CRYING HEARD BEFORE DEATH.
A wailing or unusual cry heard at night, where no one is known to be, or can be, is an indication that at that place some one will break into lamentation for the death of a friend, of which he will there first receive intimation, or will have otherwise cause to cry. The voice heard is not that of the “fetch” of the man, who is to be killed or drowned, but that of some mourner—a wife, or sister, or near relation. In these cries before a sudden death, the voices of women are the most frequently recognised.
A cry or scream, indicative of death, and believed to be uttered by a wraith, was called tàsg, and éigheach tàisg or éigheach tàsg, i.e. the cry of a wraith.
In the case of a man accidentally drowned on Trabay Beach in Tiree, a cry described as “a healthy cry” (glaodh fallain) was heard at night in the west end of the island several days previous to the disaster, and four miles from the scene of the accident, at the spot where the man’s brother first received the melancholy intelligence. The cry consisted of “òh” said thrice, and each time at the full length of a man’s breath (fad analach).
At the old quay in Port Appin, Argyleshire, the wailing of a woman was heard at night. Some days after, the mother of a young man who had been accidentally killed in Glasgow, there met the remains, which came by steamer, and she broke into loud lamentation.
At the Big Bridge (an Drochaid Mhor) above Portree Manse, on the road to Braes, in the Isle of Skye, strange sounds are heard by people passing there at night, such as the moaning of a dying person, sounds of throttling, etc. Mysterious objects, dogs, and indistinct moving objects are also seen at the haunted spot. These are supposed to denote that a murder will some time be committed here.
Weeping and crying were heard at midnight near the mill-dam in Tiree, on a dark and rainy night, by a young man going for a midwife for his brother’s wife. He heard the same sounds on his return. The woman died in that childbed, and it was observed that at the very spot where the young man said he heard the sounds of lamentation, her two sisters first met after her death, and burst into tears and outcries. The person to whom this incident occurred is now past forty years of age, is intelligent, and to be relied on as a person who would not tell a lie. There can be no doubt he heard the lamentation, whatever may have been the cause of his impression. Strange noises, of which the natural cause is not known, are readily associated with the first incident that offers any explanation.

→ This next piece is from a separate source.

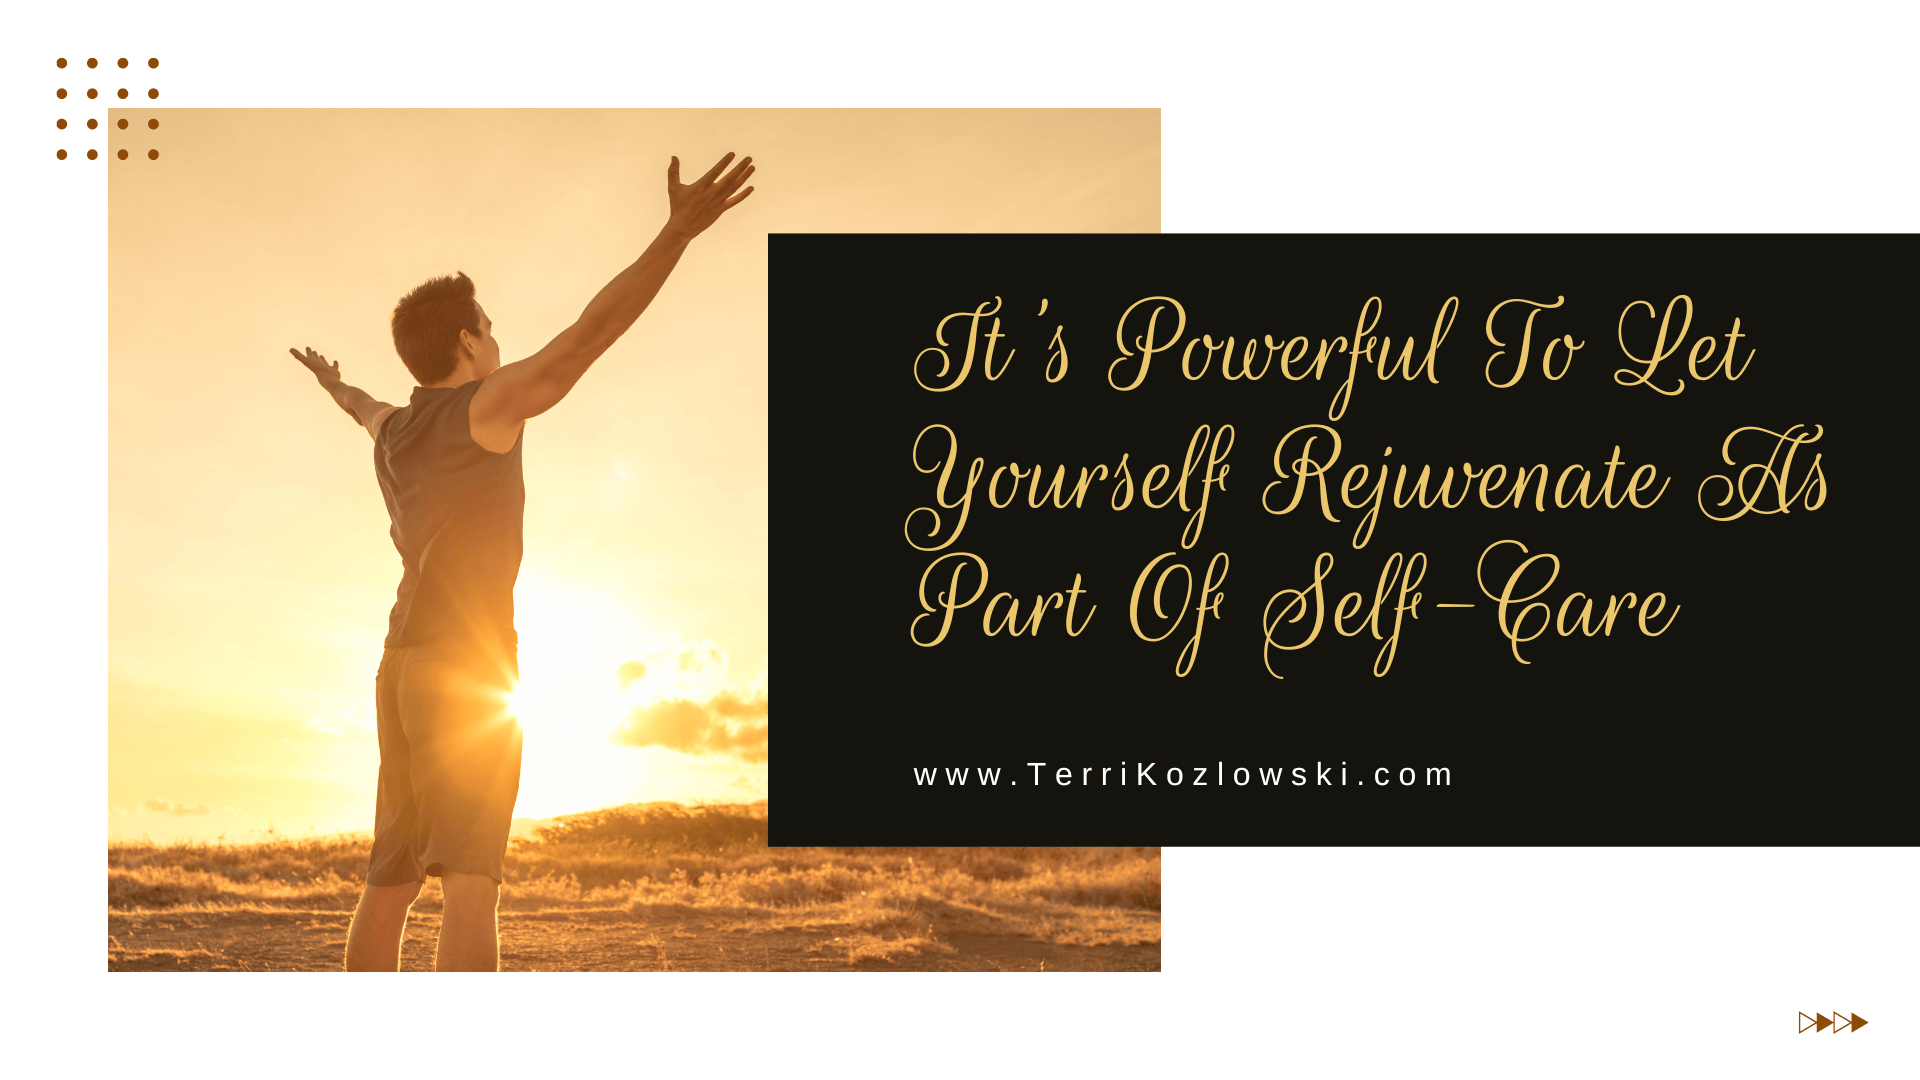 It's Powerful To Let Yourself Rejuvenate As Part Of Self-Care

In the island of Mull, lamentation (tuireadh) was recollected to have been heard where a young man was accidentally killed ten years after.
Thirty years ago horrible screaming and shouting (sgiamhail oillteil agus glaodhaich) were heard about eight o’clock on a summer evening across Loch Corry in Kingairloch. In a line with the shouting lay a ship at anchor, and the burying-ground on the other side of the loch. The cry was like that of a goat or buck being killed, a bleating which bears a horrible resemblance to the human voice. Next night the master of the ship was drowned, no one knew how. The man on the watch said that when sitting in the stern of the ship he saw the skipper go below, and then a clanking as if the chain were being paid out. He heard and saw nothing further. The night was fine.
In July, 1870, a ship struck on a sunken rock in the passages between the Skerryvore lighthouse and Tiree, and sprang a leak. The shore was made for at once, but when within 150 yards of it the ship sank. The crew betook themselves to the rigging, and were ultimately rescued; but the skipper, in trying to swim ashore, was caught by the current that sweeps round Kennavara Hill, and drowned. The crying heard in Kennavara Hill four years previous was deemed to have portended this event.
Crying was heard several times on the reefs to the east end of Coll, and to the best of the hearer’s belief, it was in English. In the same year (1870), a boat or skiff with two East Coast fishermen, following their calling in that neighbourhood, went amissing, and was never heard of. Many were of opinion it must have been lost on the reefs, where the cries had long previously been heard.